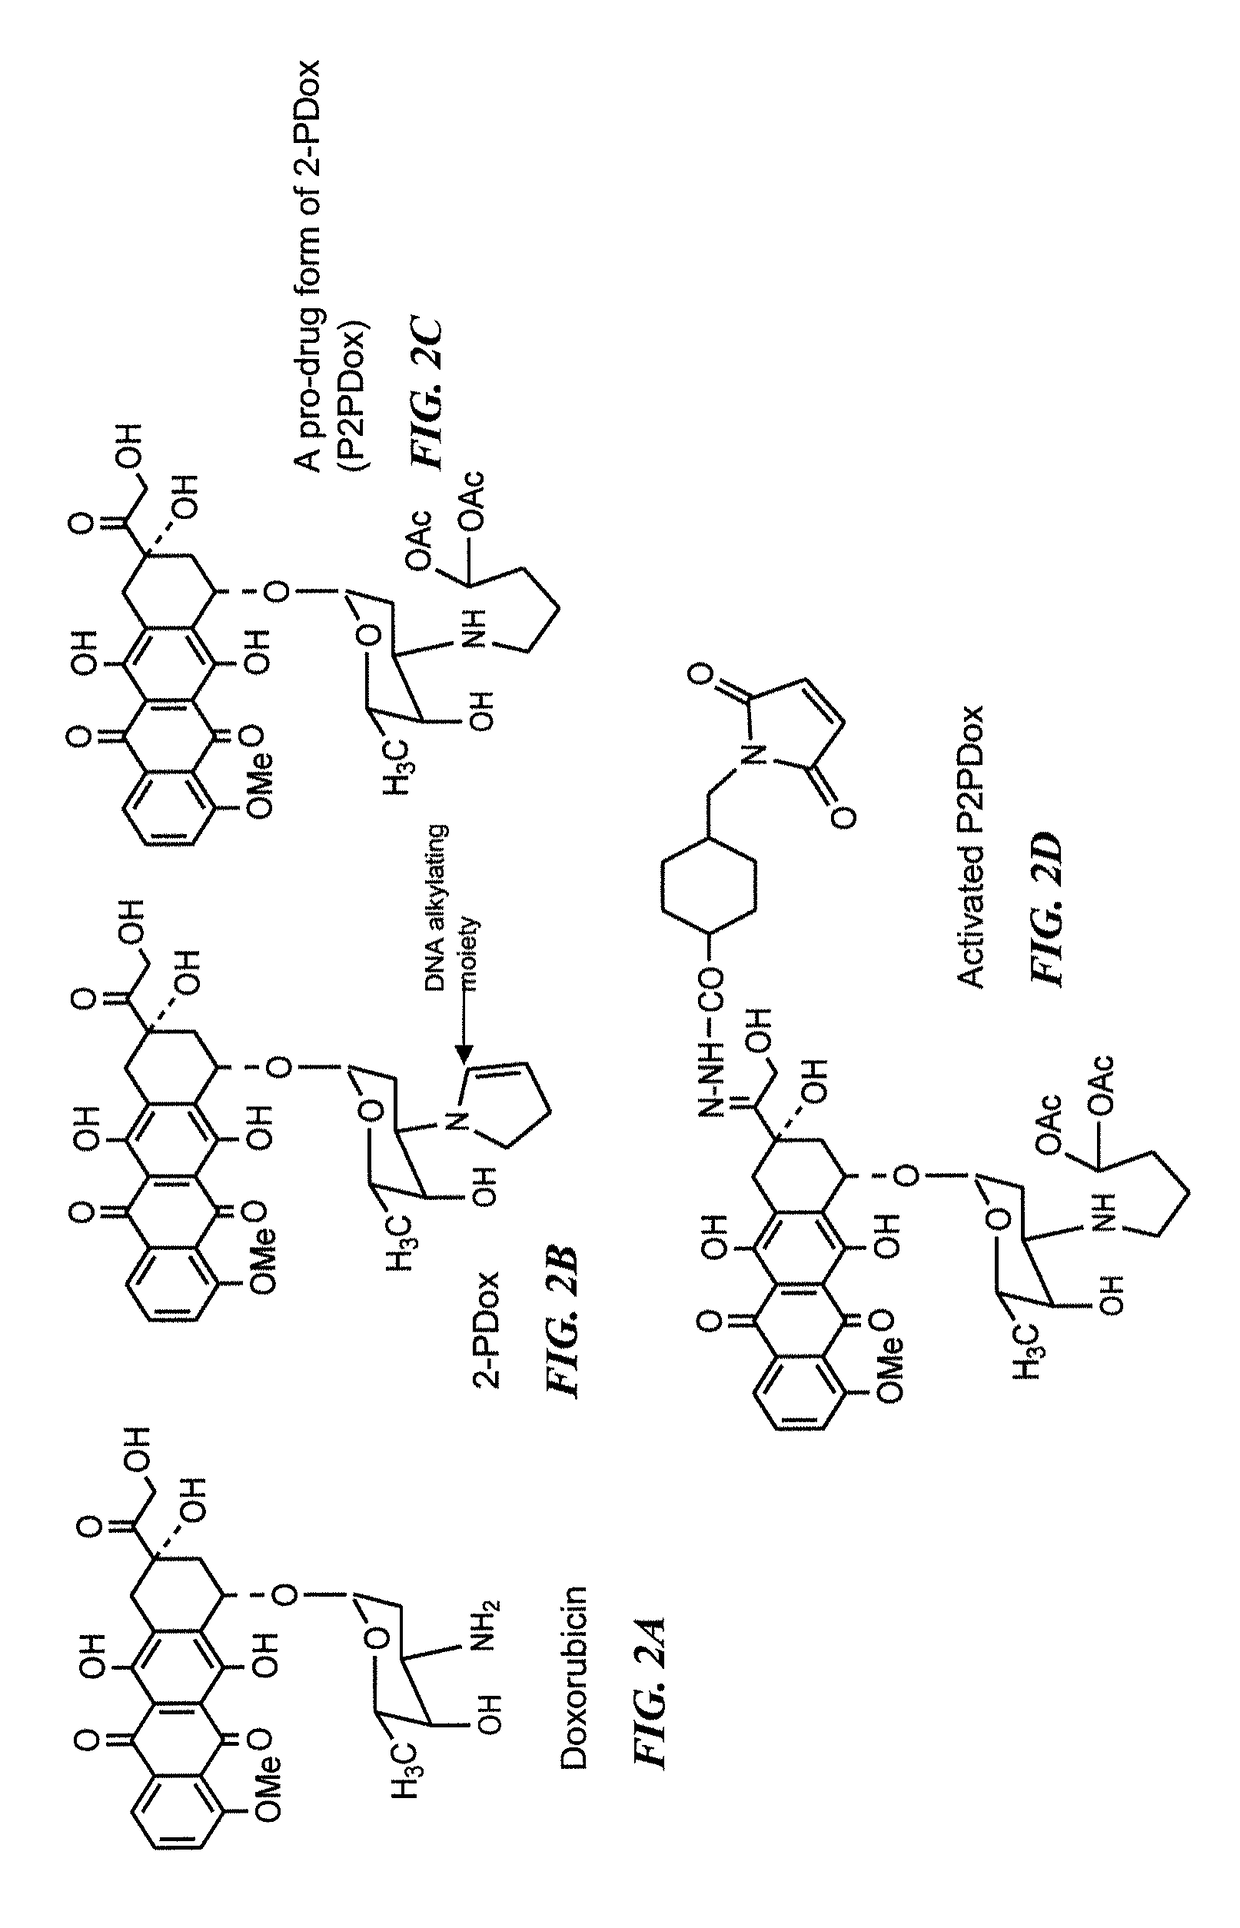 Neoadjuvant use of antibody-drug conjugates
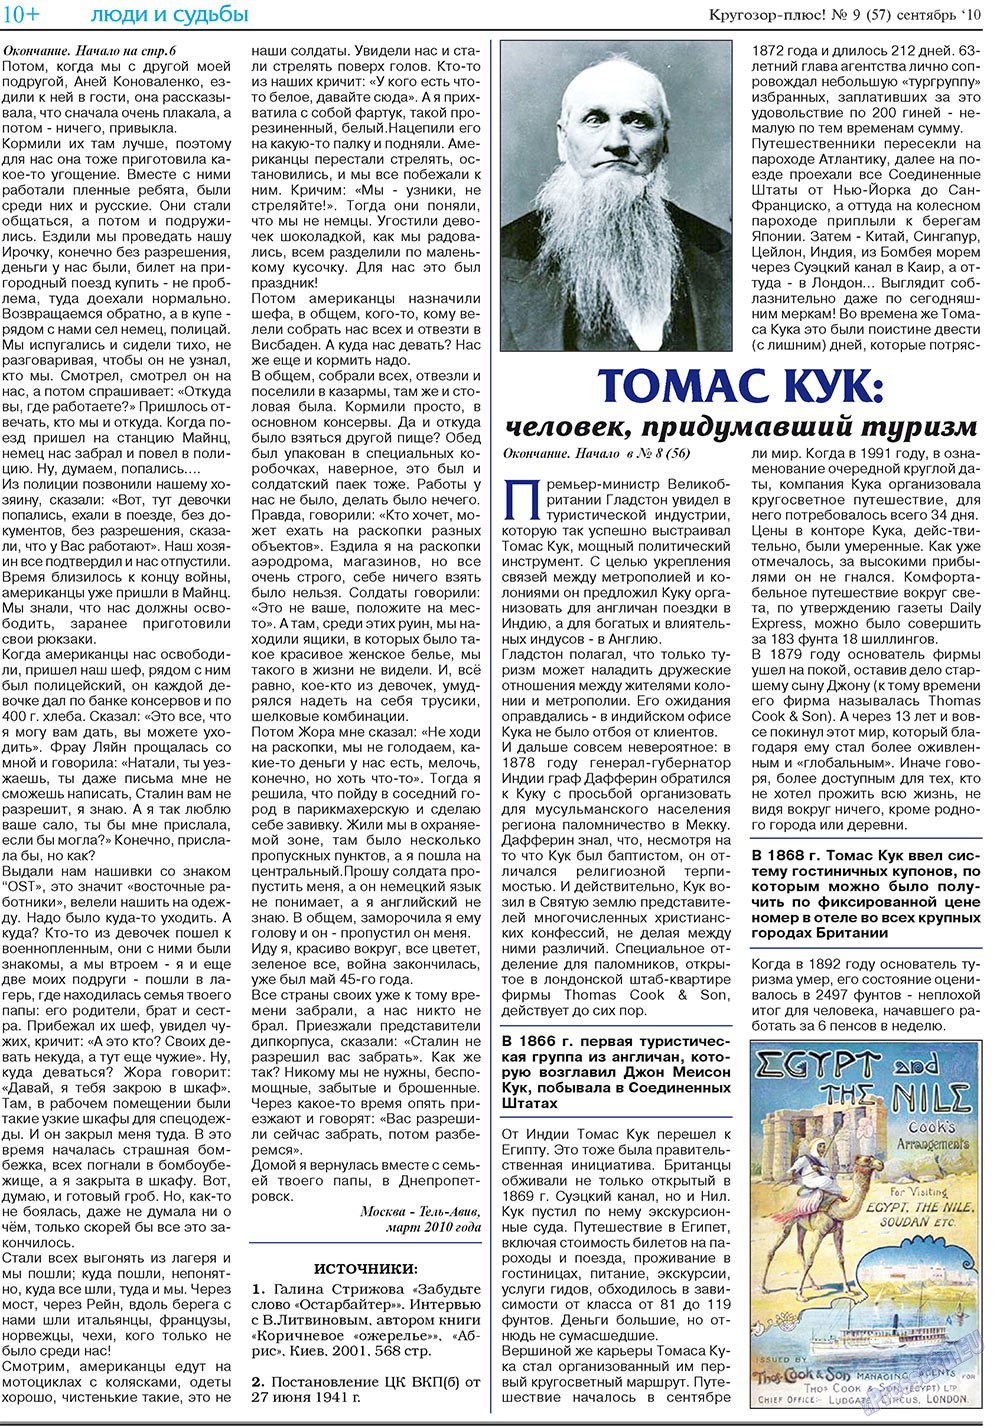 Кругозор плюс! (газета). 2010 год, номер 9, стр. 26
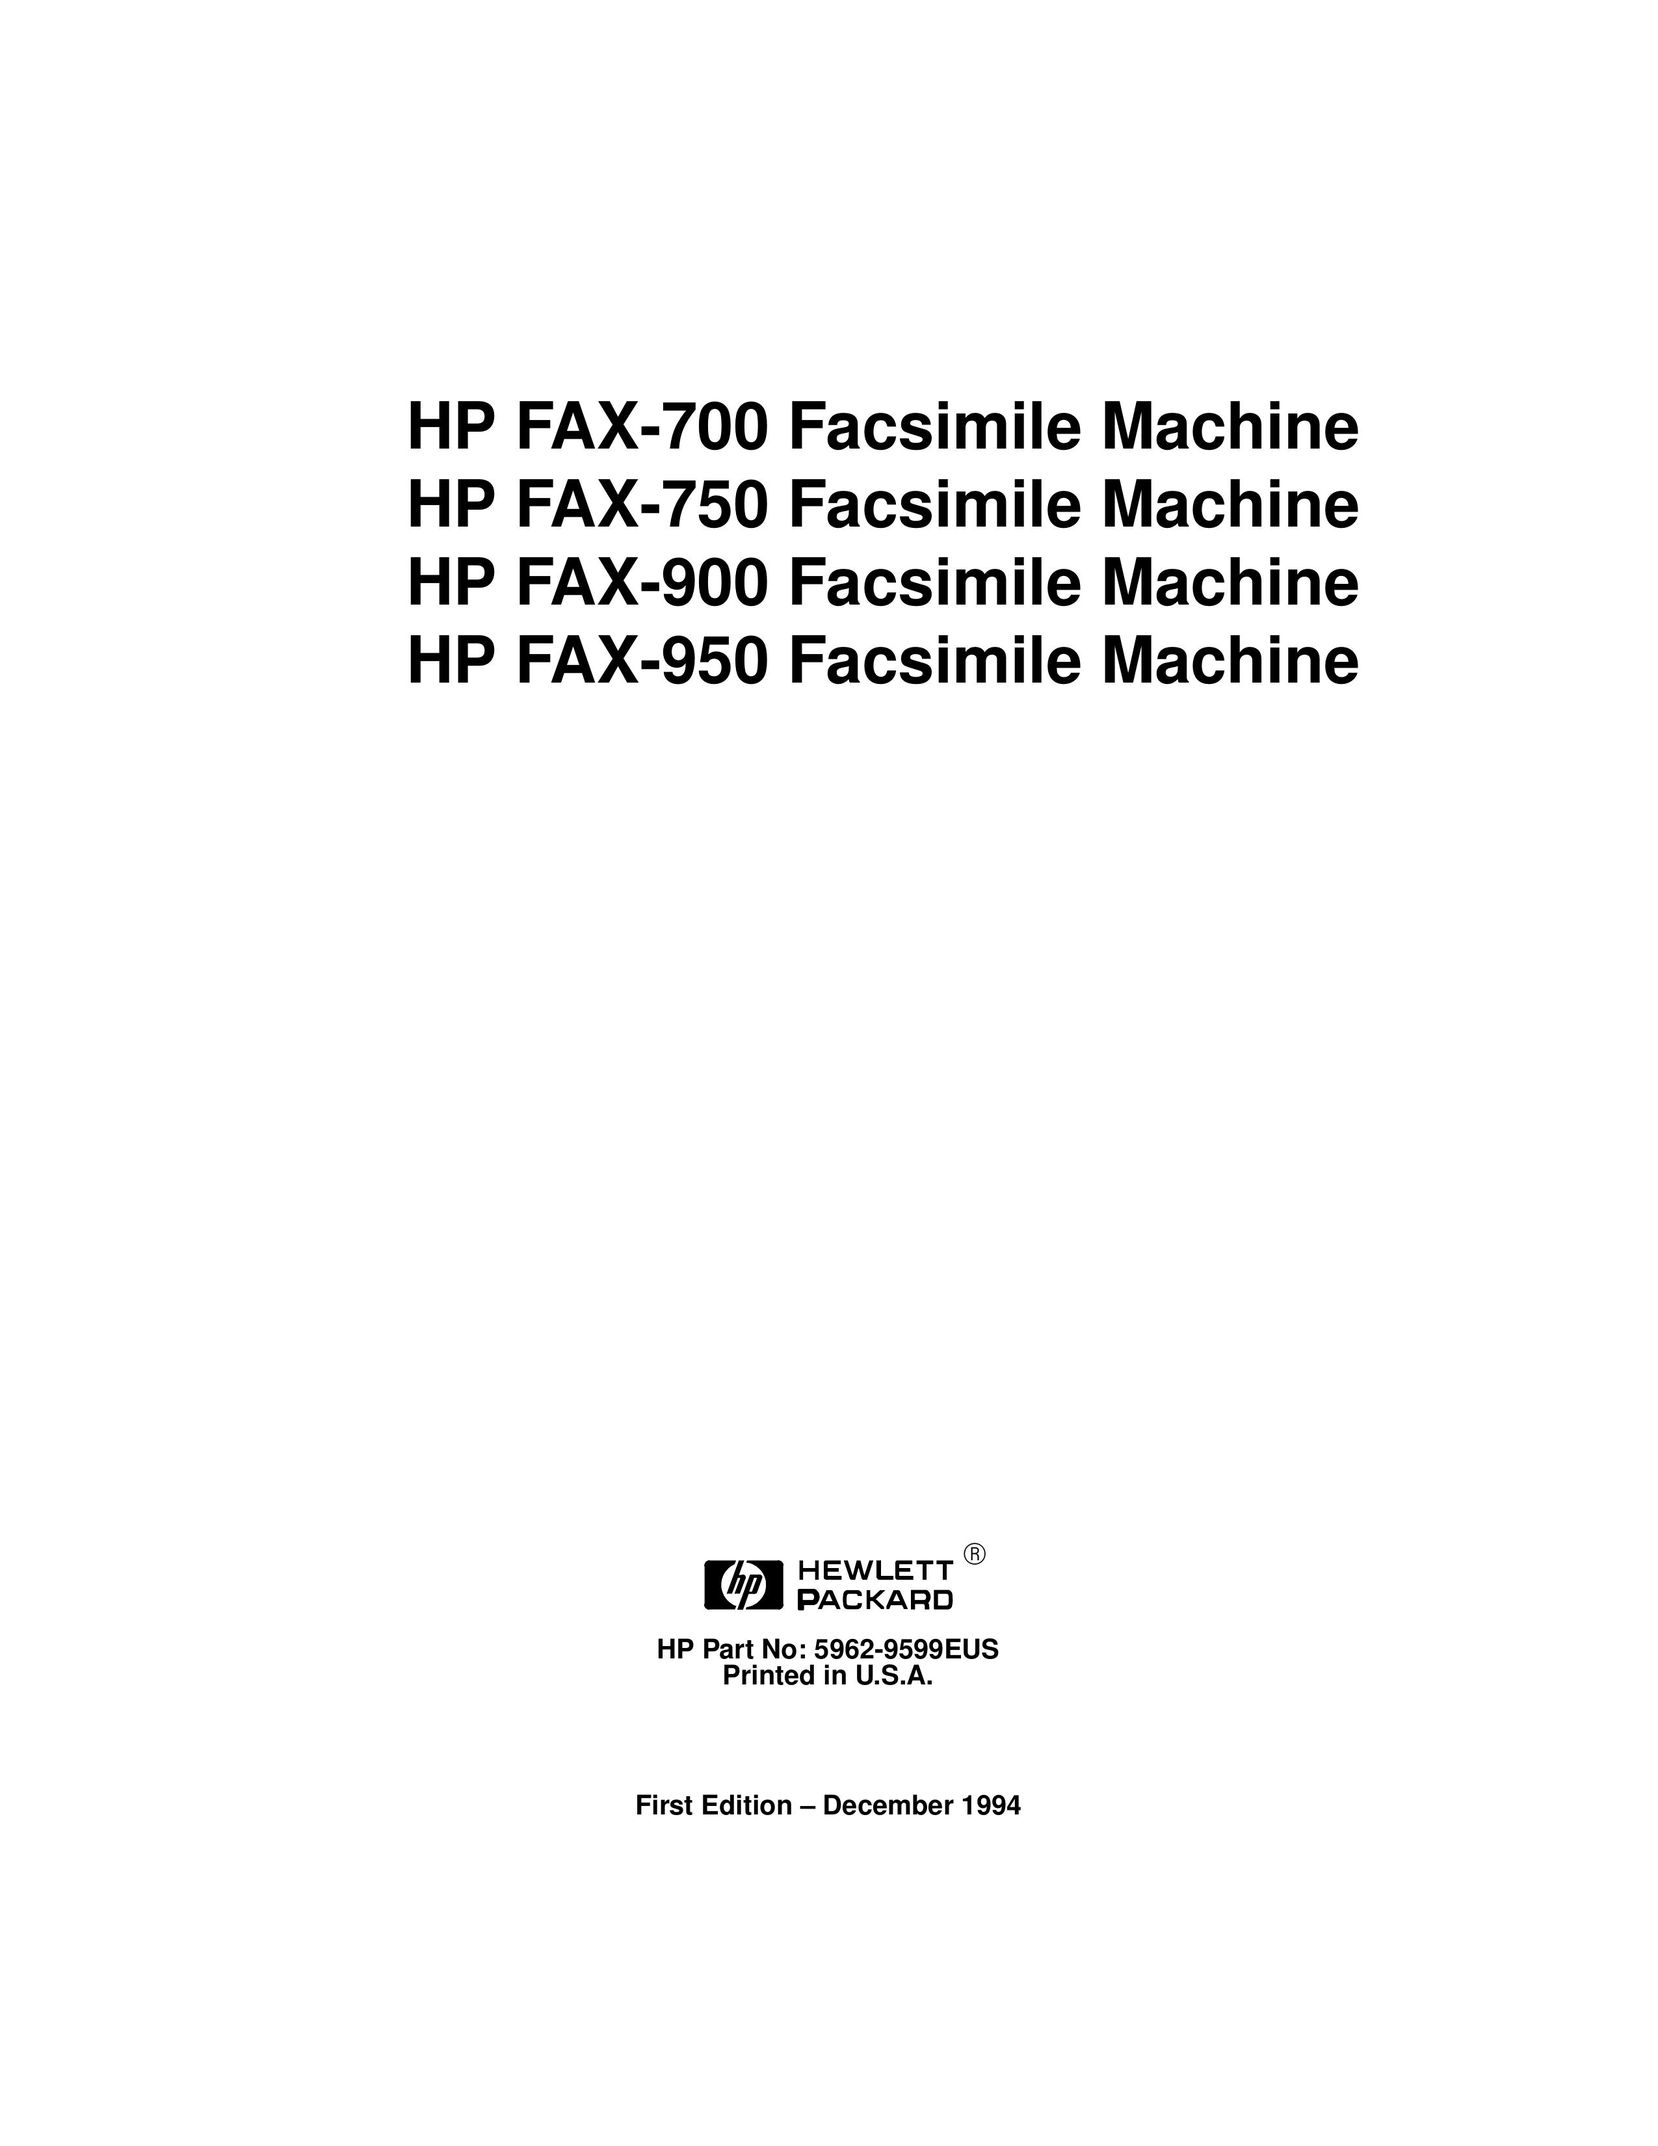 HP (Hewlett-Packard) HP FAX-900 Fax Machine User Manual

> **What the task requires**: Copy the data word for word, no pictures.

> **Completed exercise**:
 Neoadjuvant use of antibody-drug conjugates
 Кругозор плюс! (газета). 2010 год, номер 9, стр. 26
 HP (Hewlett-Packard) HP FAX-900 Fax Machine User Manual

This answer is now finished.